Для Люциана, у которого рухнул целый мир, не было повода для улыбки. Единственной мыслью, посетившей его голову, стала мысль о том, на каком этаже они находятся. Если выпрыгнуть из окна, этот кошмар кончится, и, возможно, он попадёт в лучший мир. Сложно вот так судить. Но мир, в котором ты самоубийца-неудачник с расстройством и черепно-мозговой, — так себе.
Моргенштерн вытер слёзы. Всё равно всю боль из груди не выплакать.
— Где мои родители?
— О, они придут после обеда, в часы, когда разрешено навещать пациентов. Предупрежу сразу: взаимоотношения у них так себе. Не знаю, повлиял ли ваш инцидент на это или виной их ссор становится что-то ещё. Вы помните, как зовут ваших родителей?
— Леон и… Анри, — тихо прошептал убитый Люциан.
— Что ж, поскольку вы в прошлом самоубийца, мы приставим к вам сиделку-санитара, — произнёс врач. — Мы пока не исследовали вашего психического состояния, сами понимаете. Я выйду, и через пять минут придёт она. Постарайтесь не натворить глупостей за это время, хорошо? Не люблю, когда в мою смену кто-то умирает.
— Кто ж любит, — поддержал беседу Люциан.
— Ложитесь, — посоветовал врач. — Вам вколют успокоительное, а через два часа к вам придут родители. Всё хорошо, Люциан, вам не о чем беспокоиться.
Последние слова эхом отозвались в голове Моргенштерна. Не о чем беспокоиться… Не о чем беспокоиться… Воспоминания о жизни, которую он прожил, будучи без сознания, быстро затухали, детали терялись в общем водовороте мыслей, но оставалось одно главное — Молох. Хотелось бежать по больнице и кричать, звать его, ведь он реальный просто… Просто он в его голове…
— Я лечился в психиатричке, — сказал сам себе Люциан. — От депрессии и галлюцинаций… Неужели Молох — просто моя фантазия?

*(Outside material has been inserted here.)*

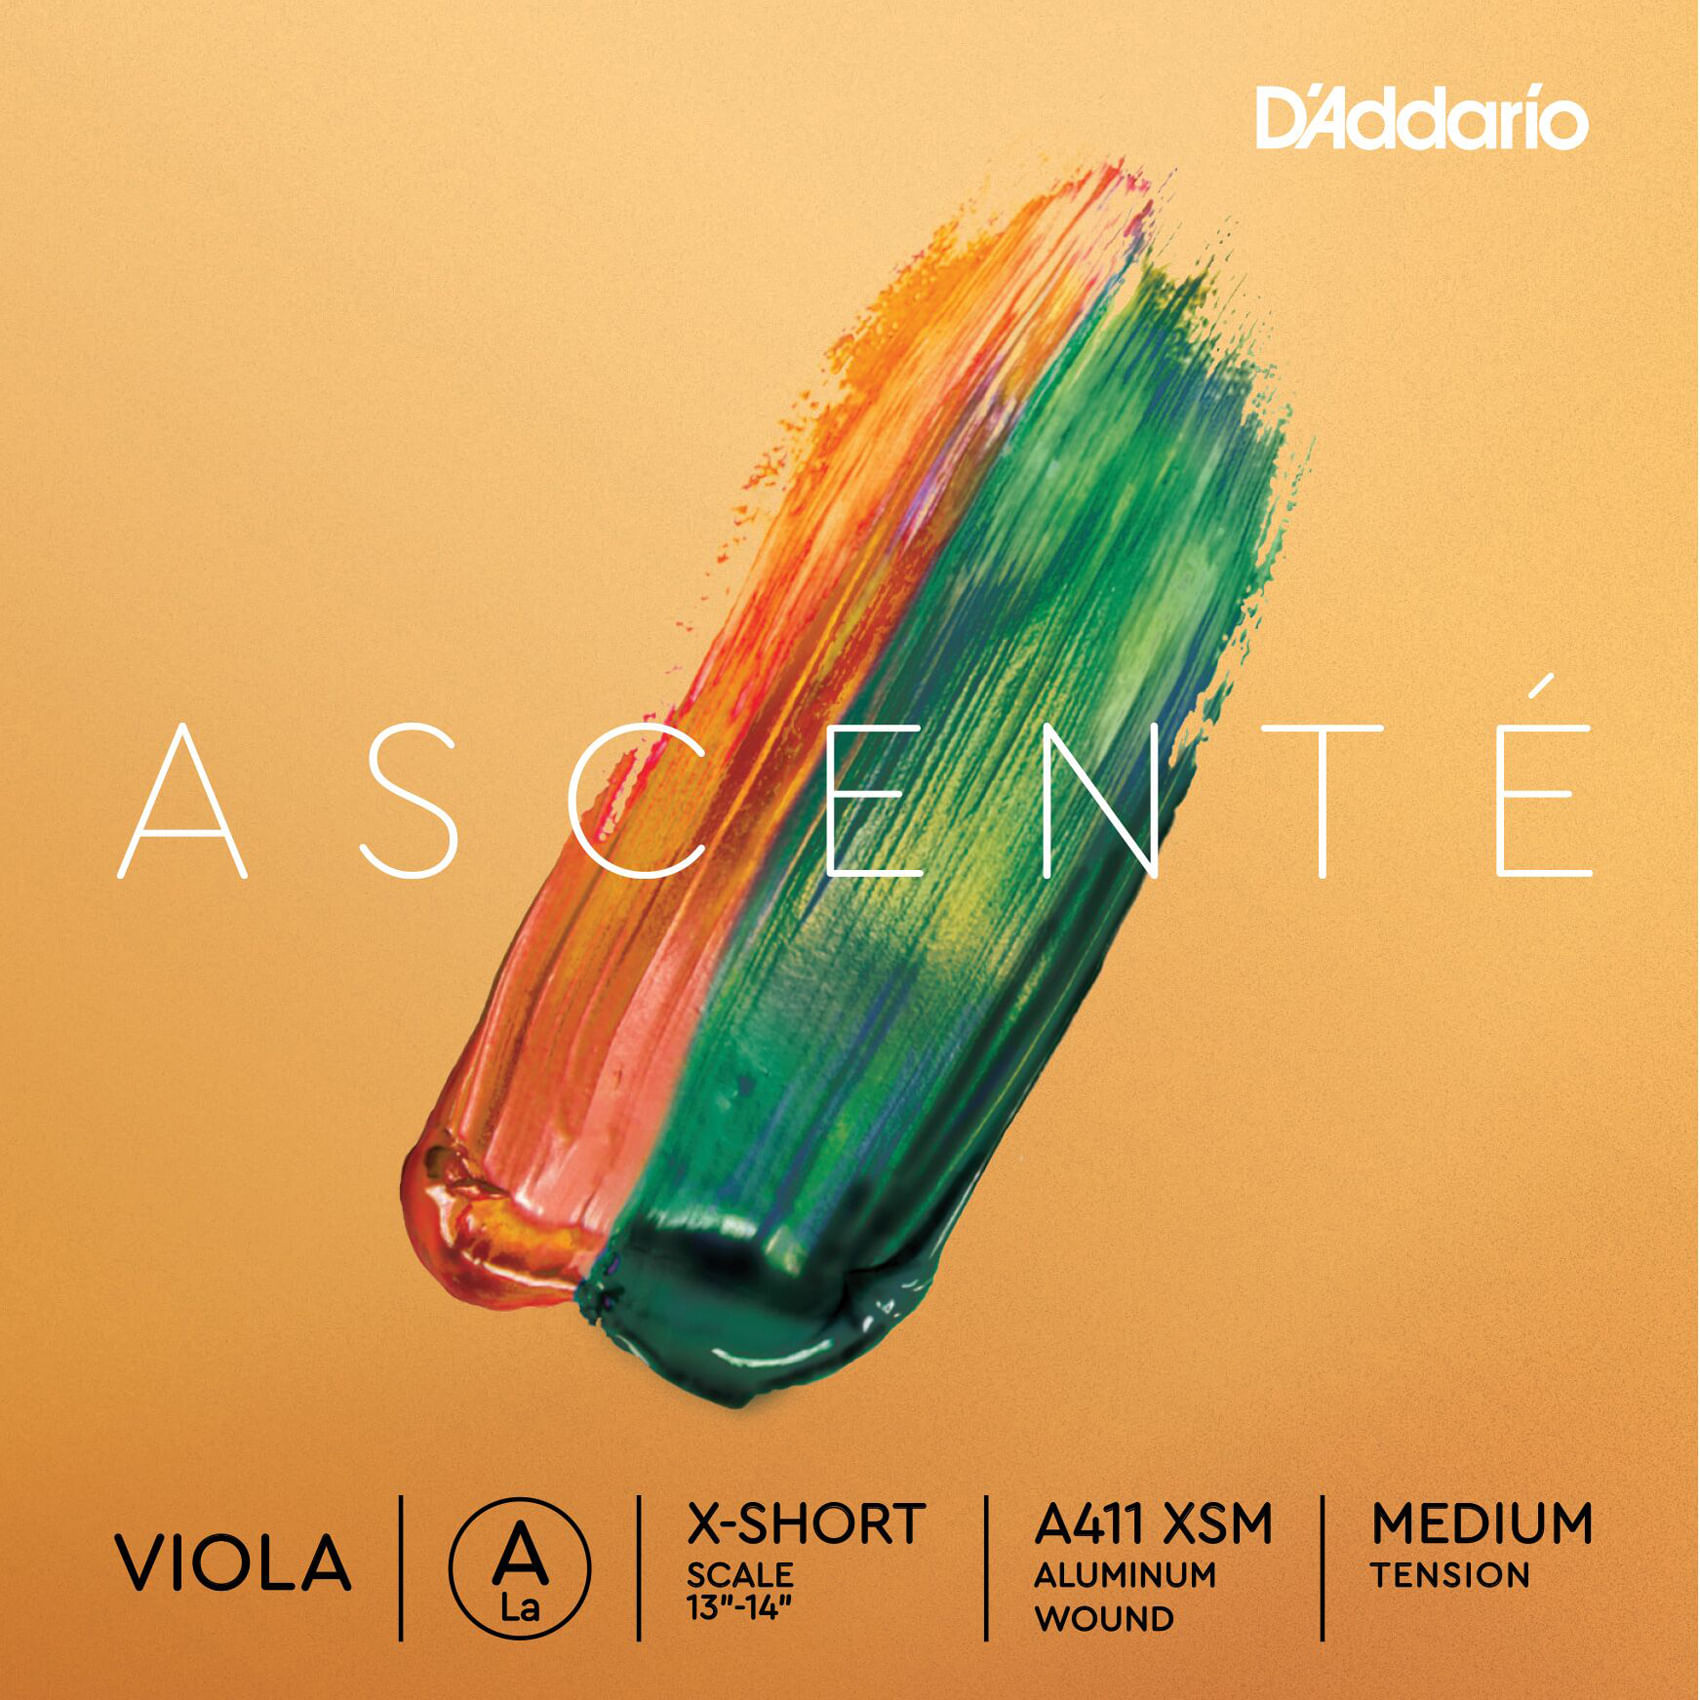 D'Addario A411 Ascente Single A Viola String - Extra Short, Medium

Это невозможно! Все его поцелуи и прикосновения были реальнее, чем эти засохшие в вазе чёртовы цветы. Кстати, кто их приносил? А, от родителей… Друзей у меня, скорее всего, не осталось. Настоящих друзей. Зато знакомых, наверное, вагон и маленькая тележка.
Моргенштерн не находил себе места. Он то поднимался с койки, то ложился обратно, то сидел в обнимку с подушкой, вслух воспроизводя свои мысли.
В комнату вошла мрачного вида сиделка и без приветствия села на стул, где висела куртка.
— Что-нибудь учудишь — пулей вылетишь отсюда в психиатрию, тебе ясно? Там пожёстче, чем здесь. Управу на тебя найдут.
Люциан кивнул. Лёг на койку и накрылся простынёй, отвернувшись к часам. Он не заметил, как заснул. Два часа пролетели незаметно. В палату вошли родители Люциана. Анри — смуглая итальянка в белом платье с розовыми лилиями и Леон — бледнолицый немец в военной форме.
— Сынок! — бросилась она к Люциану, чтобы заключить его в объятия.
— Очнулся, значит… — одобрительно хмыкнул отец.
Люциан обнял мать, улыбнулся отцу. Недоставало только одного.
— Мама, а где Мо?
Анри тут же перестала улыбаться, на глазах у неё навернулись слёзы. Она поднесла к лицу белый платок.
— Я что-то не так сказал? — встревоженно спросил Люциан у родителей.
— Два года лечения коту под хвост… — пробубнил Леон. — Мало тебе твоего Рауха, ты ещё себе всяких маньяков рисуешь! Ничего, из тебя ещё может выйти толк. Я говорю о специальных больницах, где лечат таких, как ты.
Анри тут же стала похожей на разгневанную фурию и вскочила.
— Я не отдам своего сына под ток! Кто здесь маньяк, так это ты, Лео!
«Так Молох — всего лишь моя фантазия?..» — плача, подумал Люциан.
Анри увидела слезы на лице сына и вновь присела к нему, прижала к себе, стала утешать, в то время как Леон стоял истуканом с плащом на плечах.
— Всё будет хорошо, малыш, всё будет хорошо… — шептала Анри, обнимая сына.
— Уж я-то об этом позабочусь. Сначала посажу твоего Рауха лет на пятнадцать, а потом и тебя куда-нибудь пристрою, чтоб никакой гомосятины в голове не осталось, — сурово произнёс Леон.
Анри повернулась к нему и произнесла холодно.
— Только попробуй так поступить, и я заставлю тебя пожалеть обо всём на свете, Леон Моргенштерн.
В этой реальности Люциану не нравилось. Больше всего на свете он хотел умереть.